**RAW DATA**
=== Begin Enclosure ===

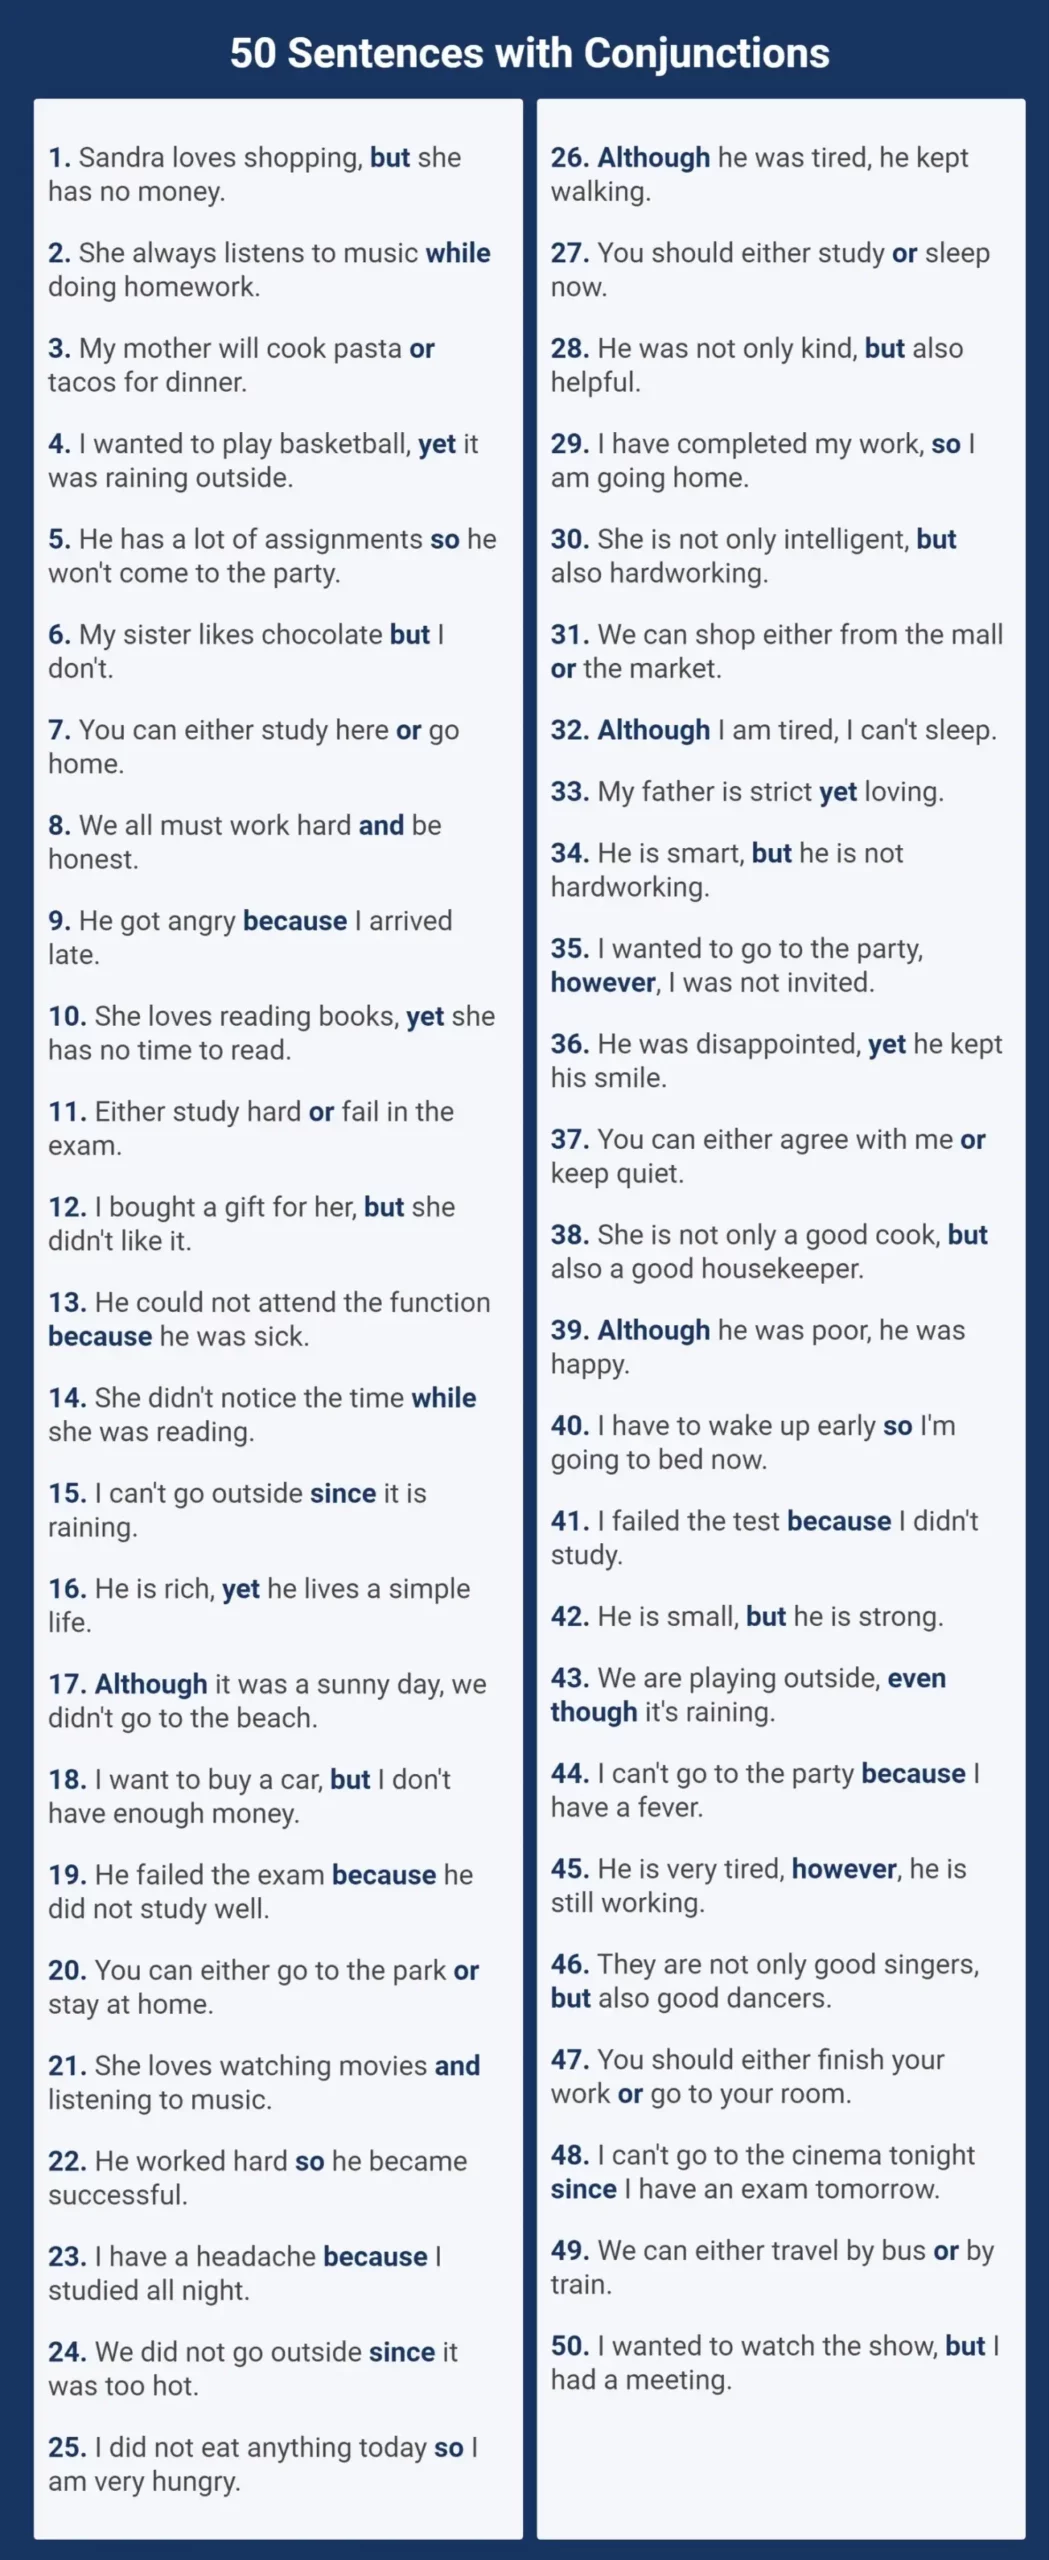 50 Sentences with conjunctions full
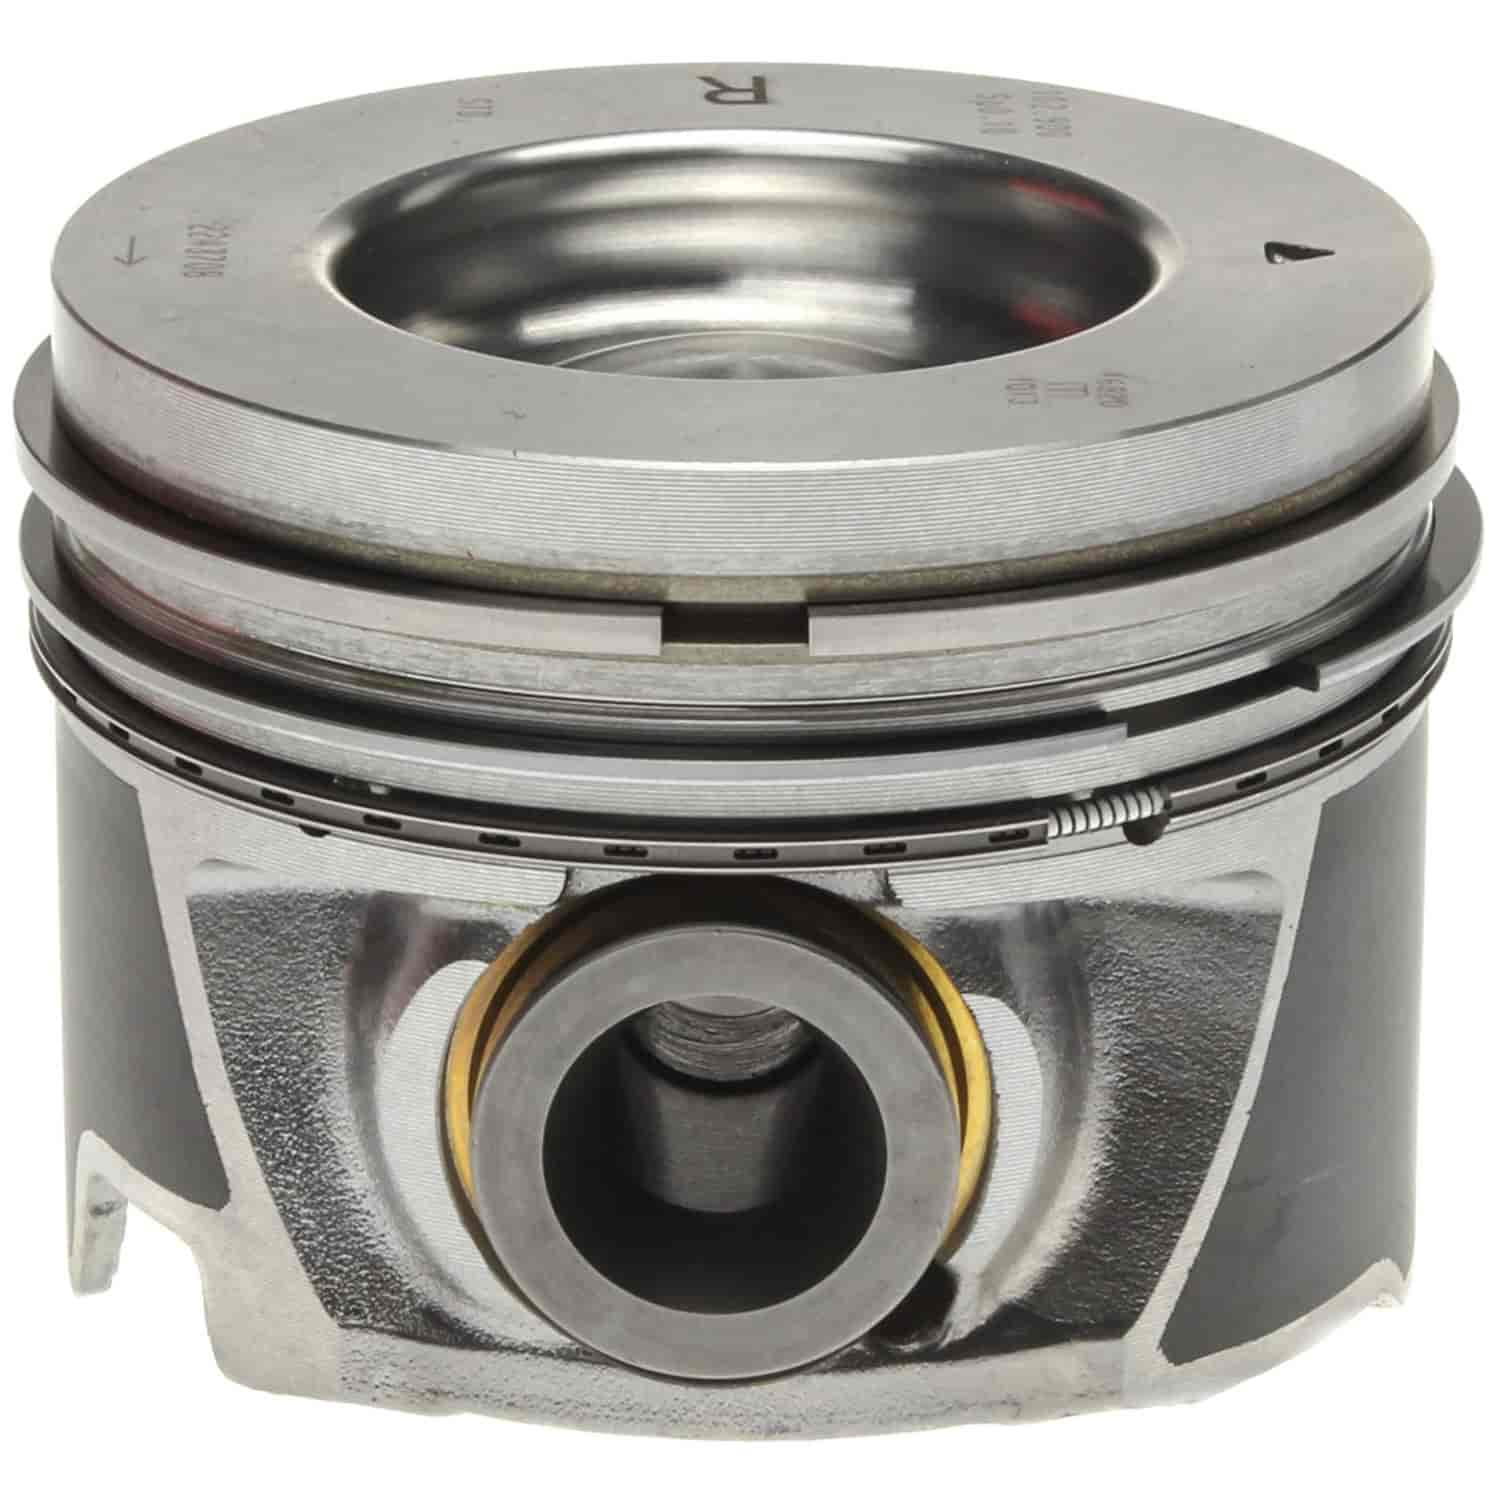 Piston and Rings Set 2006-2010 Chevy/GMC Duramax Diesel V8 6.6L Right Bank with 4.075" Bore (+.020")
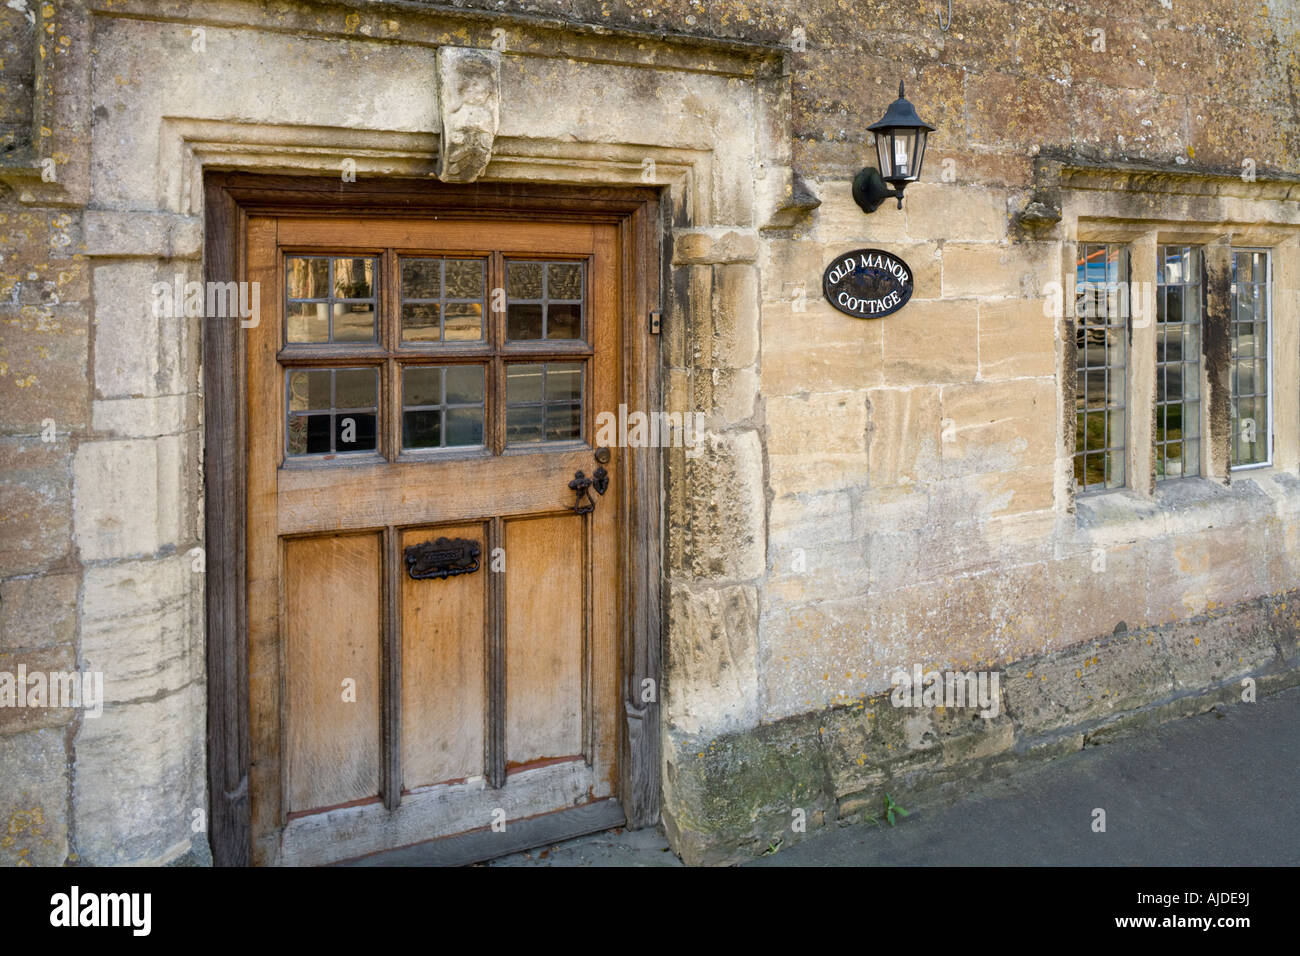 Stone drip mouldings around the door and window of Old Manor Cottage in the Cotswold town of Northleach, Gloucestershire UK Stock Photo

=== End Enclosure ===

**WORK INSTRUCTIONS**
Line by line, give the material above again exactly, but without any pictures.

**PROBLEM SOLUTION**
 50 Sentences with conjunctions full
 Piston and Rings Set 2006-2010 Chevy/GMC Duramax Diesel V8 6.6L Right Bank with 4.075" Bore (+.020")
 Stone drip mouldings around the door and window of Old Manor Cottage in the Cotswold town of Northleach, Gloucestershire UK Stock Photo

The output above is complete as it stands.